Since neither of us had previously been to San Rafael, we decided to take a stroll through an interesting looking section of the city on our way out. As we made our way down the street perusing the cool little shops and galleries, we happened across the Donna Seager Gallery and decided to go inside. Then, the day suddenly did became better.

This was the first time we saw Lisa Kokin’s altered books.

Lisa presents viewers with altered books that have a prominent sculptural presence. In creating her works, she uses three-dimensional space to create an original milieu, placing equal importance both on what remains and what has been taken away.

Lisa reinvents books that engage the viewer in an inclusive experience of discovery that goes far beyond words on a page. The viewer must become involved not only with the text, but with the physical presence of the book and with the specific and unique art object that it has become.

Through her process of art making, Lisa is able to explore many facets of the human condition, broaching a wide array of cultural and personal issues with refined appeal. In doing so, she blends the very look and feel of books and photographs to create independent constructions that beg to be explored further.

“Books have played a major role in Lisa's work; she returns to them between bodies of work and as bodies of work in and of themselves. In her current series, she literally reshapes the content of selected old books by making papier mache balls, organ-like objects and cubes out of the shredded pages, then sews the contents back inside and outside of the original book covers. Bits and pieces of the original text remain, although the literal meaning is lost. The covers can no longer contain their unruly "text," and form defines content.

She explores memory and history by using the objects we leave behind.”

Lisa's work is not limited to altered books. She also creates transformative and compelling sculptures using the common trappings of sewing to make intricate pieces with almost bee-like detail and connection. Her work deftly overturns the traditional aesthetic hierarchy that privileges certain forms of art over others based on gender associations.

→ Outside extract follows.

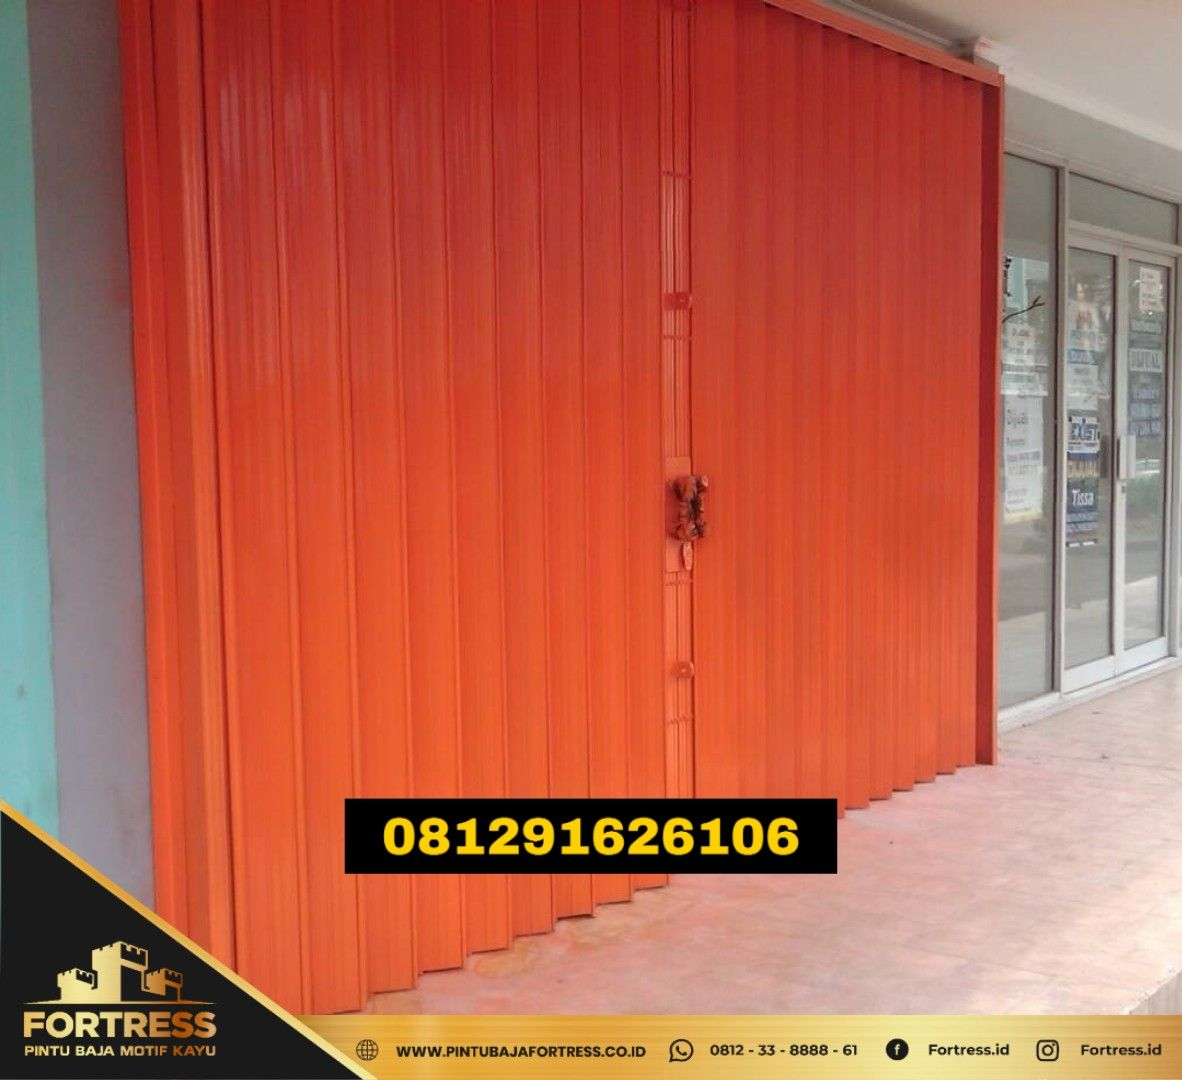 0812-3388-8861 (FORTRESS), Folding Gate Semarang Blitar Tang …

About her button sculpture, Lisa states:

“I have sewn since I was a child and the stitch plays a major role in my work, so it was natural to join the buttons together to form a reconstructed family portrait. … My work has always had an obsessive quality and this body of work is no exception. Every button is stitched to its neighbor to form a low-tech pixilated composition. Up close each piece is an abstract mélange of colors and shapes; the further back one stands the more decipherable the image becomes. This interplay between abstraction and representation intrigues me.”

In uniting sewing with sculpture and photography, Lisa evokes emotional responses that speak to the past and to familarity. Her work gently turns the viewer's thinking about the stitches into something unconventional and, at the same time, evokes comfort and a sense of knowing about lives that were lived by others. Lisa states:

“Much of my sculpture involves stitching objects which are normally not sewn such as toy ovens or ironing boards. For two generations my family made a living with needle and thread, my grandmother sewing ties, my parents dinette sets and boat cushions. They’ve covered the traditional territory; I am fascinated by the thought of sewing what is not normally sewn.”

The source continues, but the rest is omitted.